Мир вокруг Ивана рождался заново — из звона в ушах, сухости во рту, пелены перед глазами… «Палатка. Полевой госпиталь», подумал он, силясь сообразить, как же он сюда попал. «Судя по не слишком далёкой канонаде — медсанбат. Значит, про День Победы был сон… ну, что ж, ещё повоюем…»
— Фы пришльи в сепя. Гут. Карашо.
Над Терентьевым наклонился человек в белом халате поверх черной формы. Белые или светло–серебристые петлицы, одна из них — с черепом и скрещенными костями.
«В плену… Досада какая…»
С этой мыслью он провалился обратно во тьму.
— Кислород, — скомандовал кто‑то невидимый, на чистом русском языке.
— Пульс отчетливый, — это уже другой, женский голос, да какой там женский — лет восемнадцать девчонке.
Почему‑то очень сильно замёрз нос, как будто к нему приложили кусочек нетающего льда. Мутная пелена сползала с глаз, медленно, неохотно.
— Если вы меня видите, моргните, — строго приказал кто‑то расплывчатый и одноцветный, нависший над инспектором.
— Ви…жу… — с трудом выдавил из себя Иван. Ему показалось, что для спасения от кошмара, в котором он попал в плен, почему‑то было очень важно заговорить.

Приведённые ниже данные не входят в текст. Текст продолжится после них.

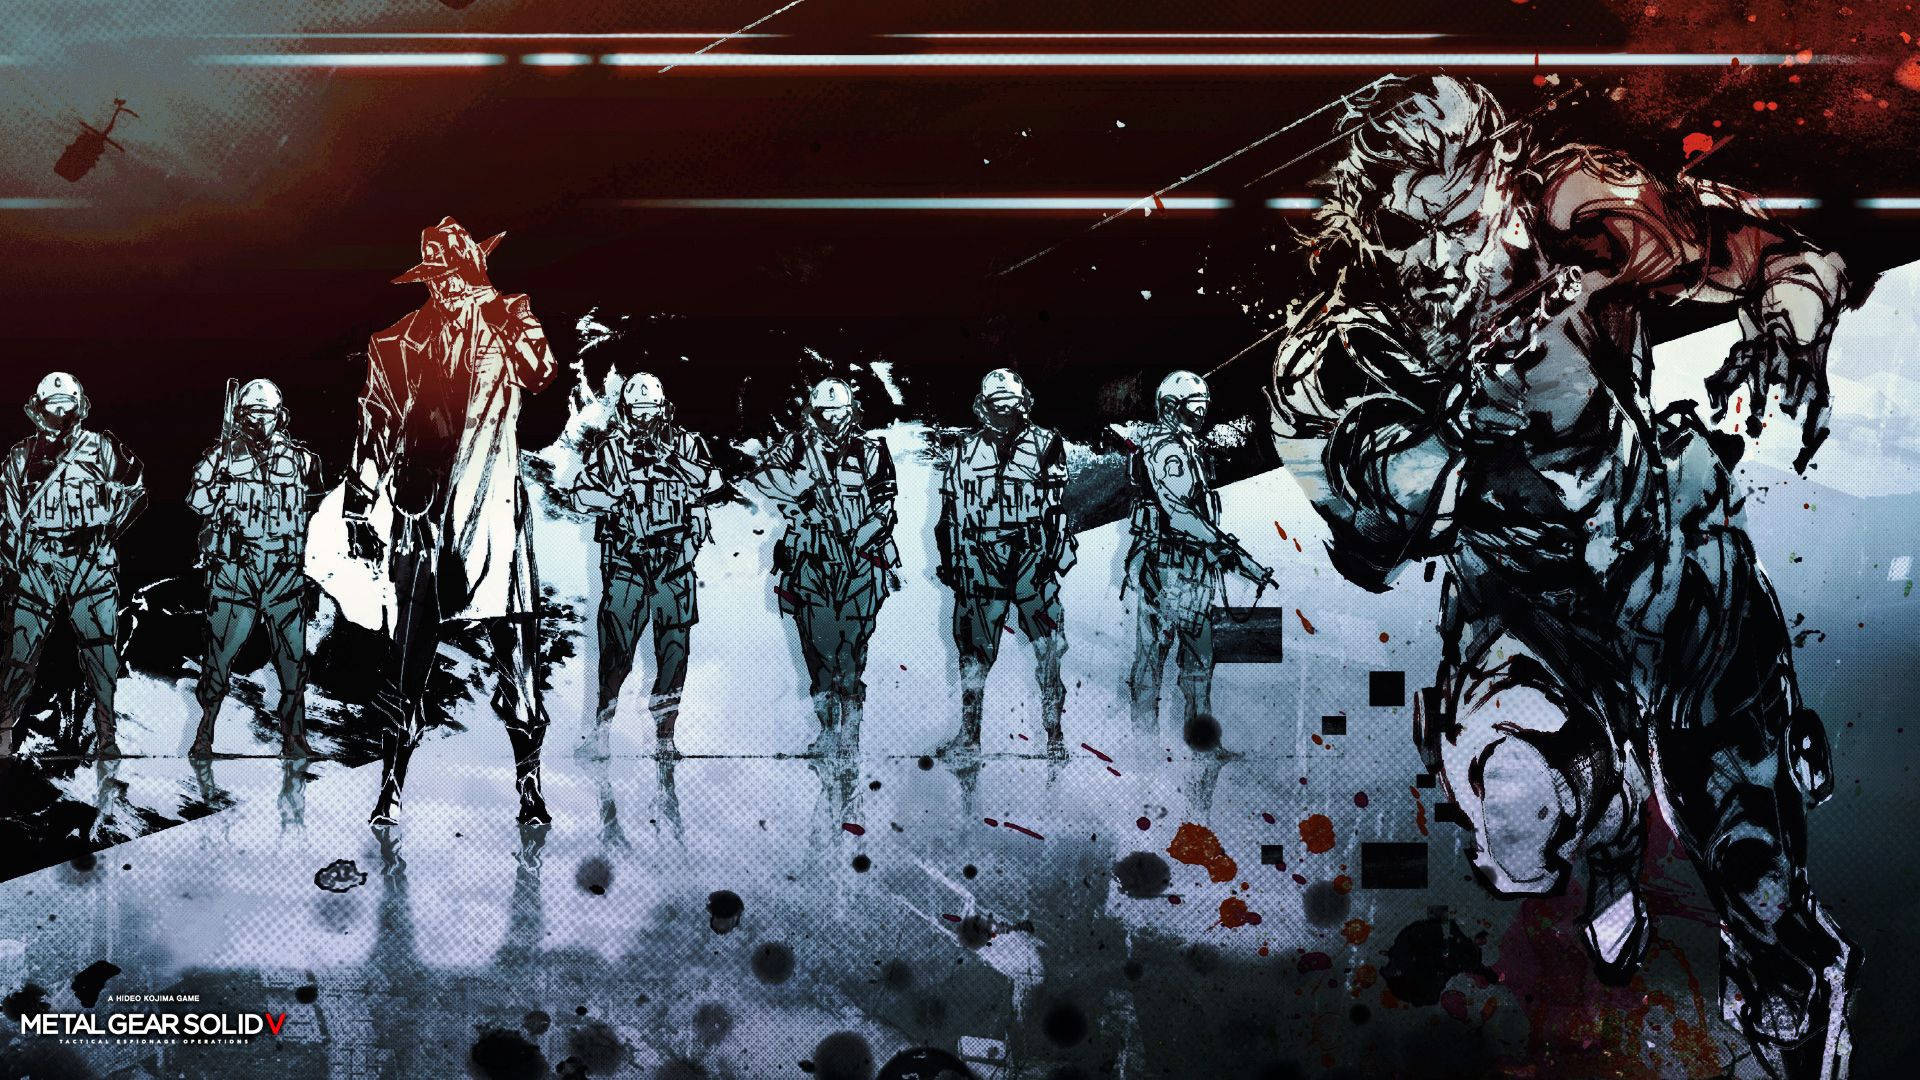 Experience the revolutionary world of Metal Gear Solid Wallpaper

Влажный тампон промокнул губы.
— Пить вам нельзя, — сказал суровый врач. Забавно, какие они всегда строгие. Как с детьми малыми разговаривают.
— Вы извините, — обратился врач к кому‑то невидимому, — по уставу у легкораненых кровь брать нельзя. Но у нас остался только НЗ, и даже физраствора мало.
— Ничефо, ничефо. Дойчьлянду я крофью послушил, теперь России послушу.
Не рискуя поднимать голову, Терентьев осторожно повернул её на голос. На носилках слева от него лежал немец, явный белобрысый немец с орлиным профилем, в черной форме под белым халатом. Между ним и Иваном протянулась резиновая трубка с огромным шприцом посередине. Молодой санитар, сидя на маленьком складном табурете, сосредоточенно нажимал на поршень, вводя Терентьеву немецкую кровь.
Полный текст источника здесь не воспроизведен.